Иловку оккупировали мадьяры летом 1942 года. Мне было тогда 5 лет. Во время бомбёжки мы прятались в яру, где протекал большой ручей. После войны колхозники пруд там сделали. Это метров 50 от дома, по другую сторону улицы Садовая, на которой я жила. Вот однажды во время такой бомбёжки все побежали в яр и спрятались там. А меня забыли, я в это время спала. Когда очередная бомба попала в наш огород, проснулась от очень сильного взрыва и грохота, испугалась и начала кричать. В это время одна из моих сестёр — Нюра (Анна), 1927 года рождения, спохватилась, что меня нет с ними в яру. Мама сказала: «Я не пойду за Полиной, я боюсь!» И побежала Нюра. Я кричу в пустом доме, перепуганная до смерти, слышу быстрый топот на крыльце. Вбегает в дом Нюра, хватает меня на руки и бегом к яру. Там мы все вместе переждали очередную бомбёжку.
Долго потом папа закапывал лопатой огромную воронку от разорвавшейся бомбы в огороде. А мама всё молилась, что в огород попало, а не в хату.
Уже будучи взрослой, я думала: почему мама не пошла за мной? Я была младшая, самая любимая в семье из детей. И со временем я пришла к выводу, что скорее всего, время диктовало свои условия. Ведь если бы погибла мама, на кого остались бы её шесть детей? Кто бы их кормил? Поэтому поколение моих родителей было «крепкое» по духу, терпеливое, а в чём-то, может, и жёсткое. По-другому просто было нельзя.
В родном доме моего отца, который был получше, разместились мадьяры (ныне улица Садовая, 33). Жил там старший брат моего отца, Иван Лукич. Мы жили рядом. После женитьбы сыновей родовое поместье было разделено между братьями поровну. Я маленькая тогда была, мало что помню. Но вот как впервые в жизни ела шоколад, которым изредка угощали детей мадьяры, помню хорошо. И ещё помню, как один из них играл на губной гармошке. Мы смотрели во все глаза. Было нам это в диковинку».
Варвара Николаевна Рыжих, 1931 г. р.:
«Жили мы вдвоём с мамой на улице Красногвардейская. Напротив, где сейчас дома расположены, стояли клуни. Там поселились мадьяры. Моя сестра Анастасия Николаевна Демьянова (Рыжих), 1924 года рождения, родила летом 1942 года сына Ивана. Теперь этого Ивана знают все жители. Это Иван Кириллович Демьянов, наш знаменитый земляк, вице-президент компании АЛРОСА.

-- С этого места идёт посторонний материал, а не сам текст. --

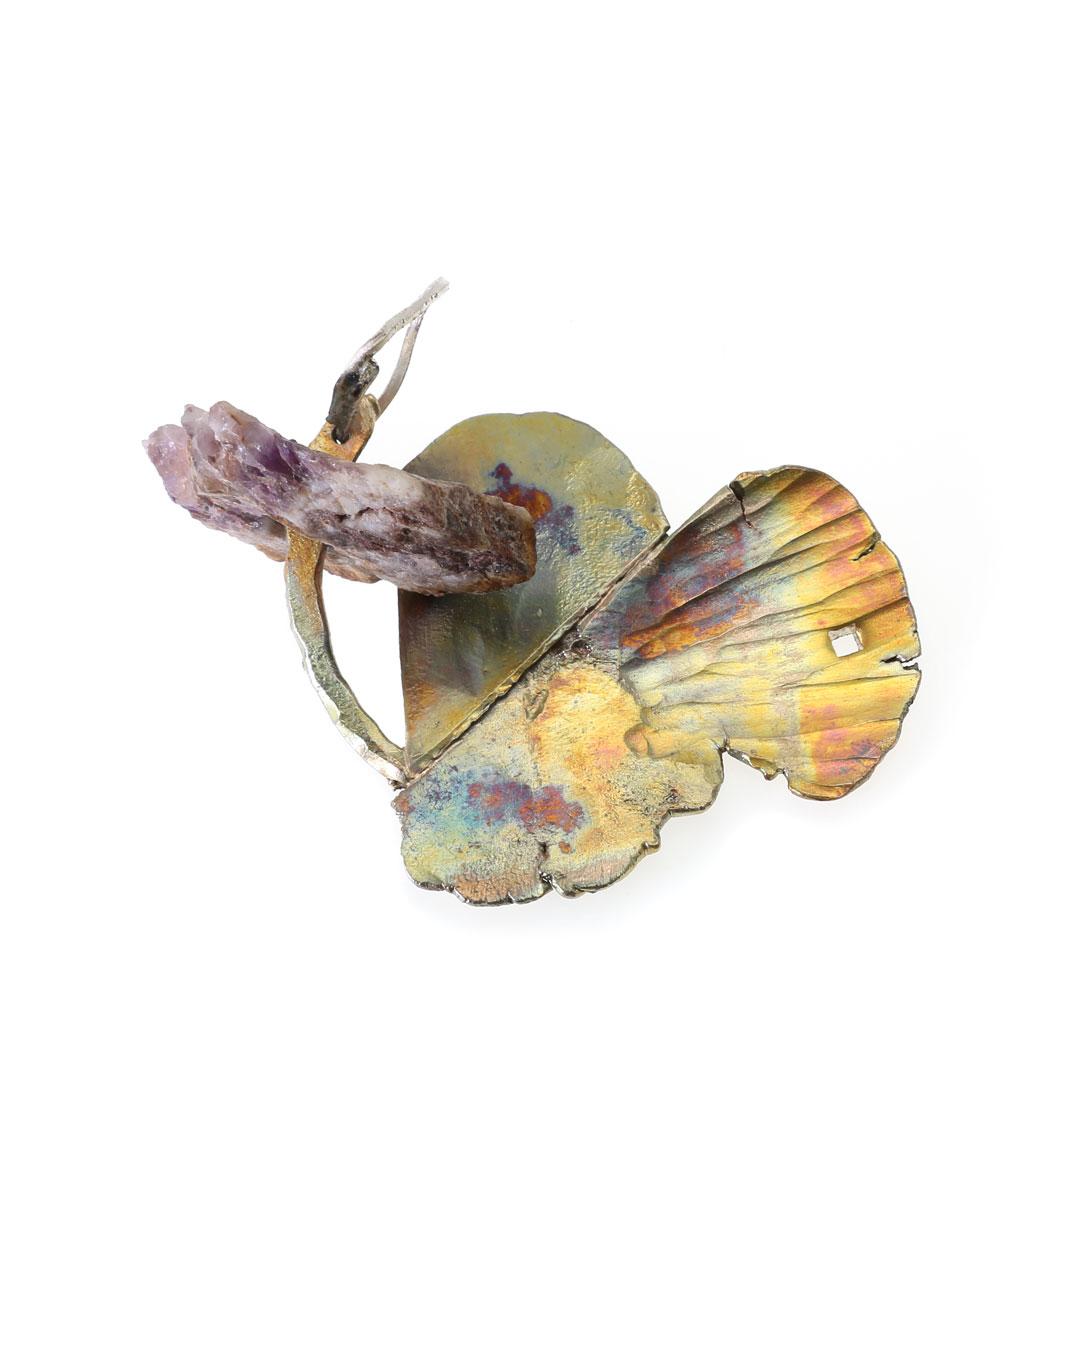 Rudolf Kocéa, Tit, 2017, pendant; silver, copper, rock, 90 x 70 x 30 mm, €1300

Как-то осенью была Анастасия на уборке в поле, а сына Ивана оставила с бабушкой Таней. Пришли мадьяры. Маленький, чёрненький, интересный мальчуган пришёлся им по душе. Забрали они его с собой. День плакала баба Таня. Думала: всё — потеряла внука. Вечером принесли его обратно домой счастливые мадьяры — с шоколадками, сладостями всякими. Видимо, соскучились по дому, поиграли с ребёнком, понянчили его.
Ещё был случай. Была Анастасия с Иваном в поле. То ли осень ранняя была, то ли лето. Но Иван под кустиком лежал, а Анастасия в поле трудилась. Подошло время кормить ребёнка. Молоко из груди течёт, ребёнок под кустом плачет. А старшим был иловский мужик. Анастасия просится у него покормить ребёнка, а тот не пускает. Мол, работай, ребёнок подождёт. Увидел это один из надзирателей мадьяров. Отругал того мужика и отпустил Анастасию к ребёнку. Вот тебе и повод к размышлению…
Забирали летом 1942 года молодых иловских девчонок в Германию. Горькими слезами плакали их матери. Подселили к нам на постой одного немца (не мадьяра, а немца). Неплохой немец был по отношению к нам. Заметил, что мать плачет и плачет. Спросил, в чём дело. Теперь уж и не помню, сам спрашивал или через переводчика, или как-то ещё объяснялись они. Но узнав, что мать за меня переживает, боится, что в Германию угонят, успокоил мать. Мол, не переживай, всё будет хорошо. И верно, похлопотал он за меня. Подружку мою Марию угнали в Германию, а меня оставили».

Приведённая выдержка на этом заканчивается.